You. Therefore, the scanning signal line driving circuit GD is turned off.
Corresponding voltage, in the example of FIG. 9, a field effect transistor
Since SW has an NMOS configuration, the driving voltage on the low potential side
Must be varied in the above cycle.

For example, when the AC cycle is a two-field period, the drive signal level on the lower potential side of the odd field is lower than that of the even field, and when the AC cycle is the two horizontal scanning periods, the odd lines are even-numbered. The drive signal level on the lower potential side than the line is lowered. Thus, in order to change the drive signal level on the low potential side,
As described above, the power supply voltage generation circuit 13 supplies the level shifter L
By varying the power supply voltage input to the S2 _j, may be changed to shift amount in the level shifter LS2 _j.

[0088] By thus AC-driving the counter electrodes VP, the amplitude of the image data DAT to be output to the data signal line SL _i is reduced, the data signal line drive circuit SD
Power consumption can be reduced.

FIG. 10 shows a liquid crystal display device 11 as described above.
FIG. 6 is a waveform diagram for explaining the operation of FIG. The power supply voltage generation circuit 13 of the liquid crystal display device 11 switches the output voltage from the terminal VGL to the power supply line PL3 between -8V and -3V as described above, for example, in an odd field and an even field. Therefore, in an odd field set to -8 V, the operation is the same as that in FIG. 2 described above, whereas in an even field set to -3 V, the operation is as shown in FIG. FIGS. 10A to 10G respectively correspond to FIGS. 2A to 2G described above. In the even field, in response to the voltage VP of the counter electrode becomes 5V, the low potential side is -3V next output voltage from the level shifter LS2 _j, whereby the driving voltage of the scanning signal line GL _j is, -3V / It becomes 10V.

In this way, by connecting the other terminal of the storage capacitor CS to the adjacent scanning signal line GLj _-1 as shown in FIG. 9, the routing of the common electrode is reduced, and the aperture ratio is increased. Pixel with a CS-on-gate structure
When AC is driven by X, the field effect transistor S
The off-level of W can be adapted, and high-quality display can be performed.

[0091] The present invention is not limited to the liquid crystal display device 1, 11, the pixel PIX is formed in a matrix array regions are partitioned by the scanning signal line GL _j and the data signal line SL _i, and the pixel The present invention can be suitably applied to a matrix type display device including a switching element in PIX. The above-described drive voltage and drive signal level are merely examples, and the device structure and image data DAT
It is needless to say that an appropriate value is selected according to the amplitude level of.
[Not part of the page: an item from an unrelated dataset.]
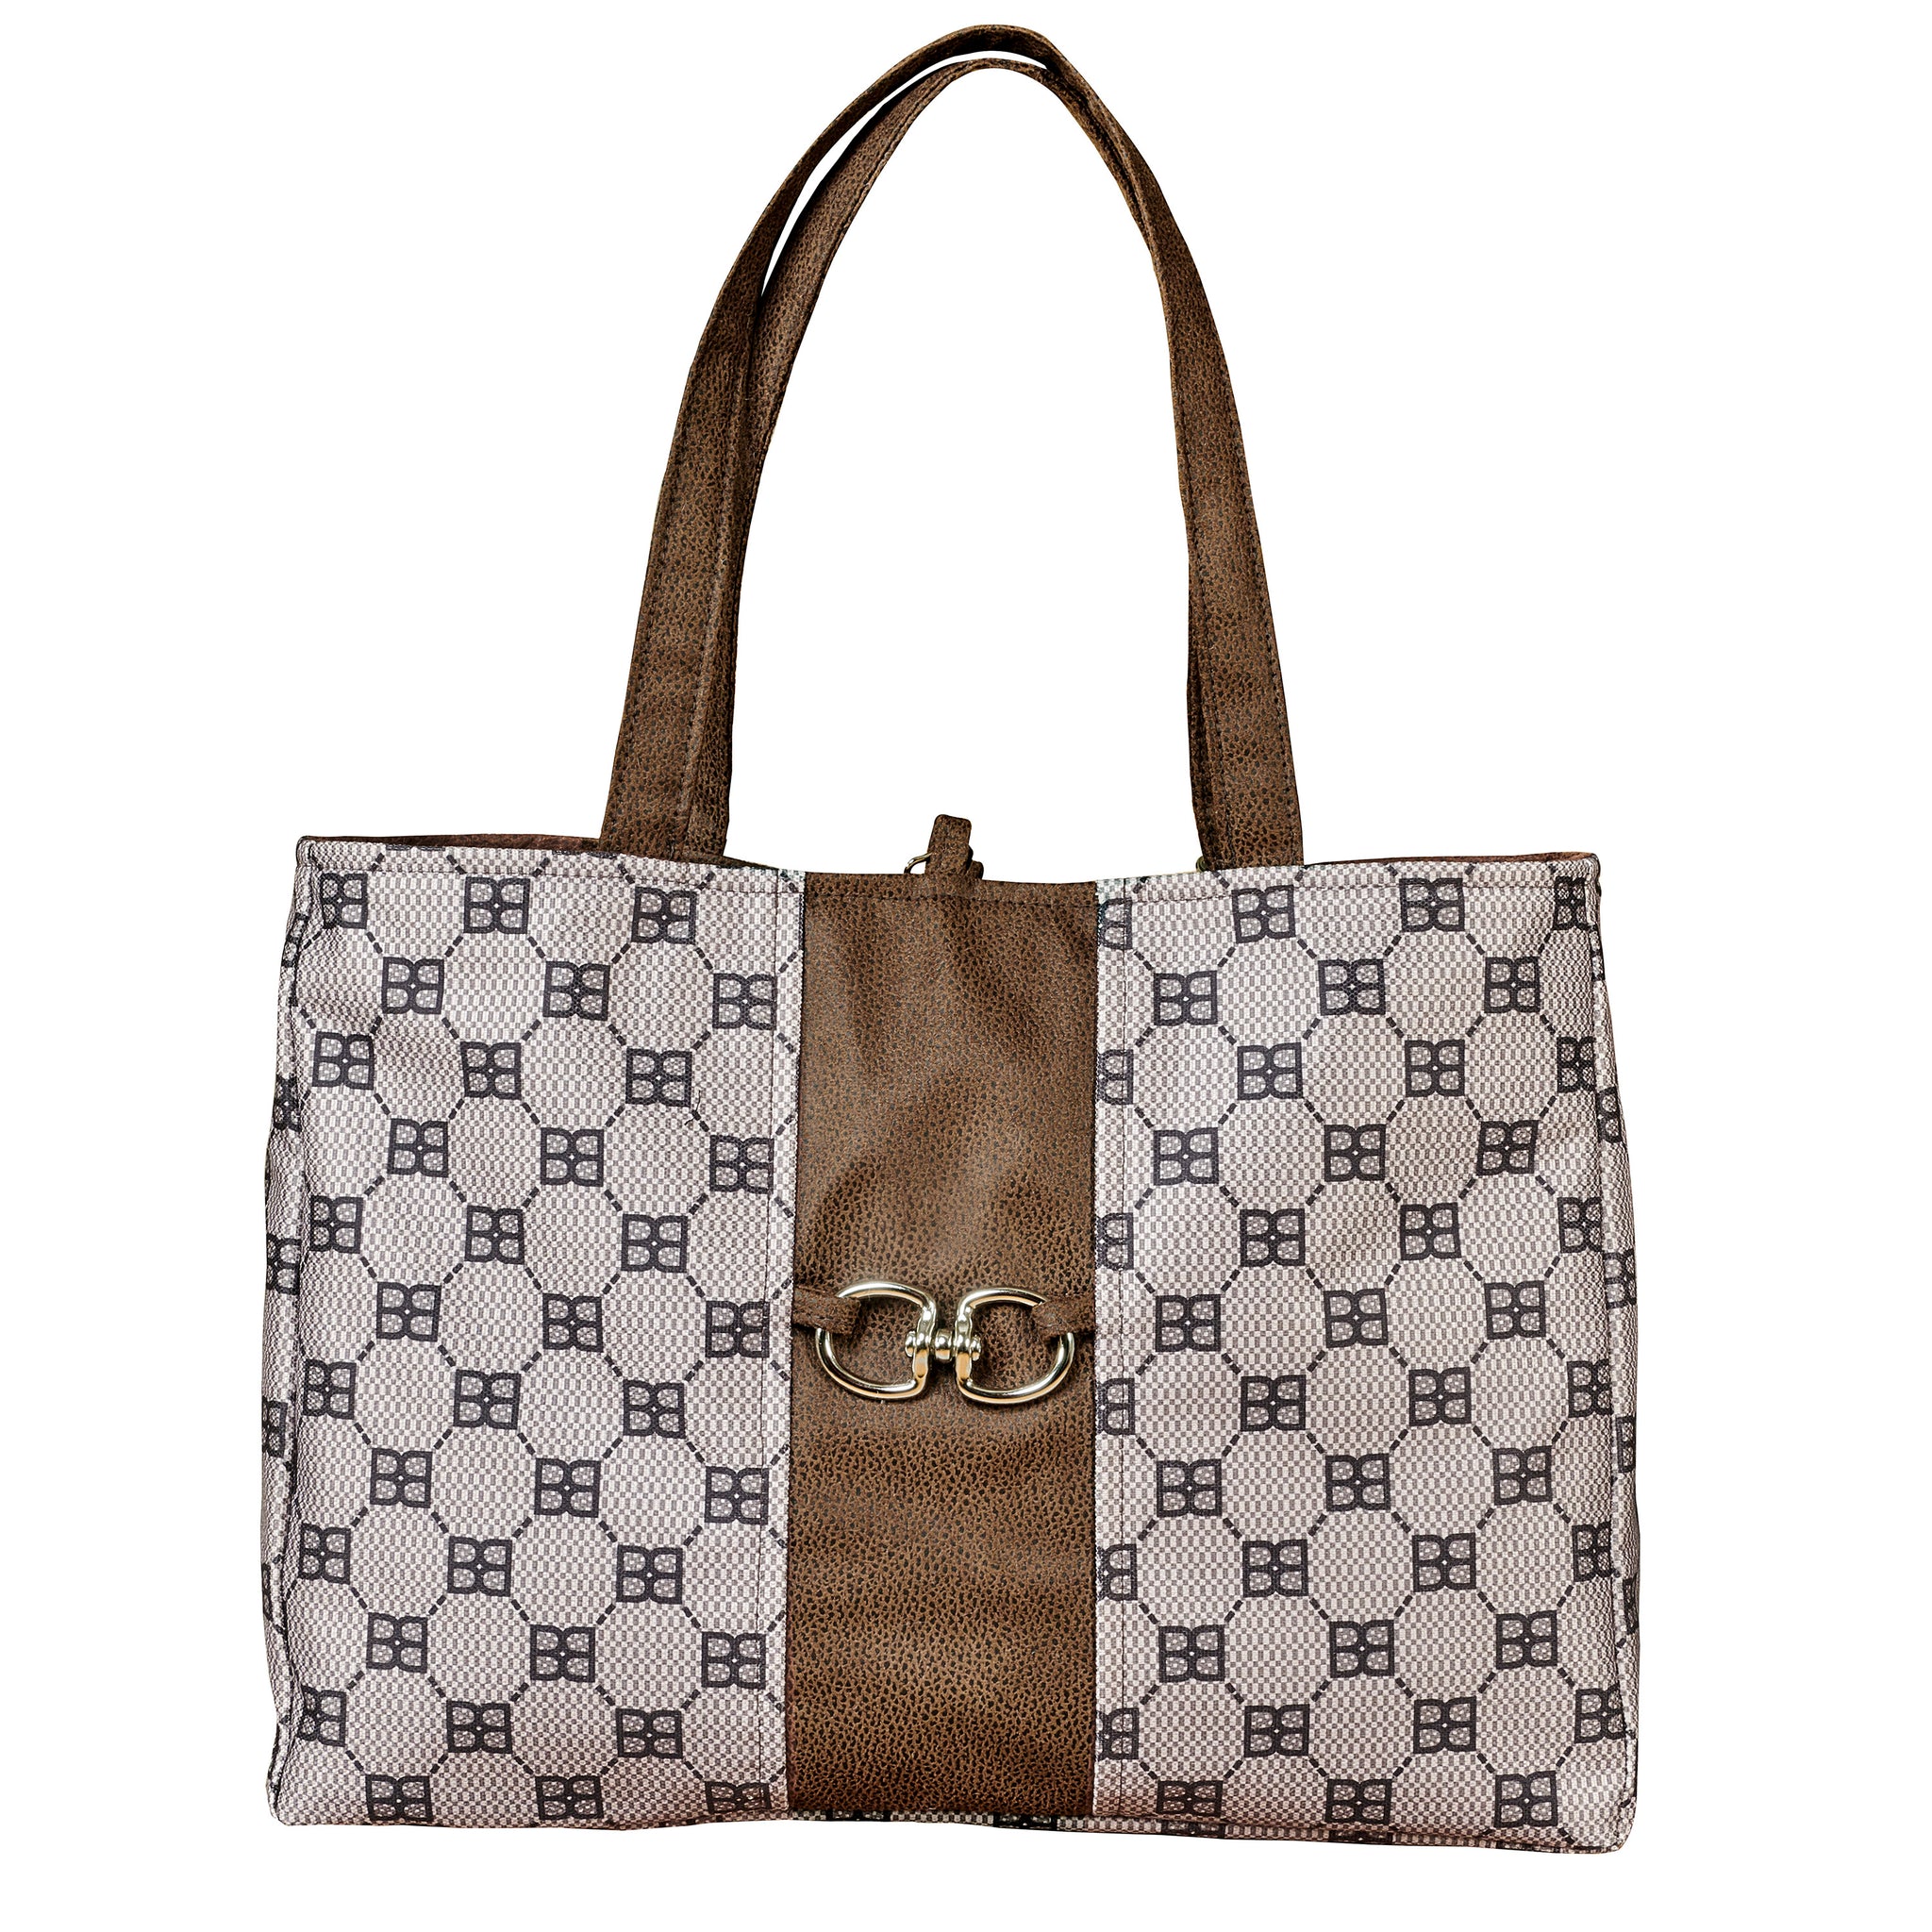 Gucci Pet carrier with Web

[0092] In the first and second embodiments, the scanning signal line drive circuit GD is first and second level shifter, comprising a level shifter LS1 _j · LS2 _j, the data signal line drive circuit SD is a third LS which is a level shifter
3 _i is provided, but is not limited to this. In the present invention, the data signal line driving circuit SD may include the level shifters LS1 and LS2, and the scanning signal line driving circuit GD may include the level shifter LS3. That is, the data signal line driving circuit SD may include the level shifters LS1 _i and LS2 _i instead of LS3 _i , and the scanning signal line driving circuit GD may include LS3 _j instead of LS1 _j and LS2 _j . Further, the data signal line drive circuit SD is provided with a level shifter LS1 _i · LS instead of LS3 _i.
2 _i, and each of the signal line driving circuits GD and SD may include the level shifters LS1 and LS2. However, when the data signal line drive circuit SD is configured to include the level shifters LS1 _i and LS2 _i as described above, the difference in drive signal level between the data signal line drive circuit SD and the scan signal line drive circuit GD is determined. Must be taken into account. That is, it is necessary to adjust the amount of shift of the signal level by the level shifters LS1 _i and LS2 _i so that an optimal drive signal level for driving the data signal line is obtained. Similarly, the scanning signal line drive circuit GD is also in the case of a configuration including a level shifter LS3 _j, for optimum levels of the drive signal for driving the scanning signal lines is obtained, the signal level of the shift by the level shifter LS3 _j It is necessary to adjust the amount.

Further, in the matrix type image display device of the present invention, the scanning signal line driving circuit GD includes the above-described two-stage level shifters LS1 _j and LS2 _j to provide both the high potential side and the low potential side of the input signal level. The data signal line drive circuit SD that shifts the voltage level may have a configuration including a level shifter LS3 _i that shifts the voltage level of either the high potential side or the low potential side of the input signal level. This configuration can also be suitably applied to the liquid crystal display devices 1 and 11 described above.

Further, in the matrix type image display device of the present invention, when the pixel PIX is selected by the scanning signal, the switching element SW takes in the image data and supplies it to one electrode of the pixel capacitance, thereby forming the pixel capacitance. the other electrode of the storage capacitor CS that is connected to the adjacent scanning signal lines GL _J, image display by driving the display media by applying a voltage between the one electrode and the other opposing electrode of the pixel capacitor The above-mentioned counter electrode is AC-driven at a cycle whose voltage level is predetermined, and the scanning signal line driving circuit GD
A configuration may be adopted in which two level shifters LS1 _j and LS2 _j are provided, and the voltage shift amount of one of the level shifters changes in each cycle.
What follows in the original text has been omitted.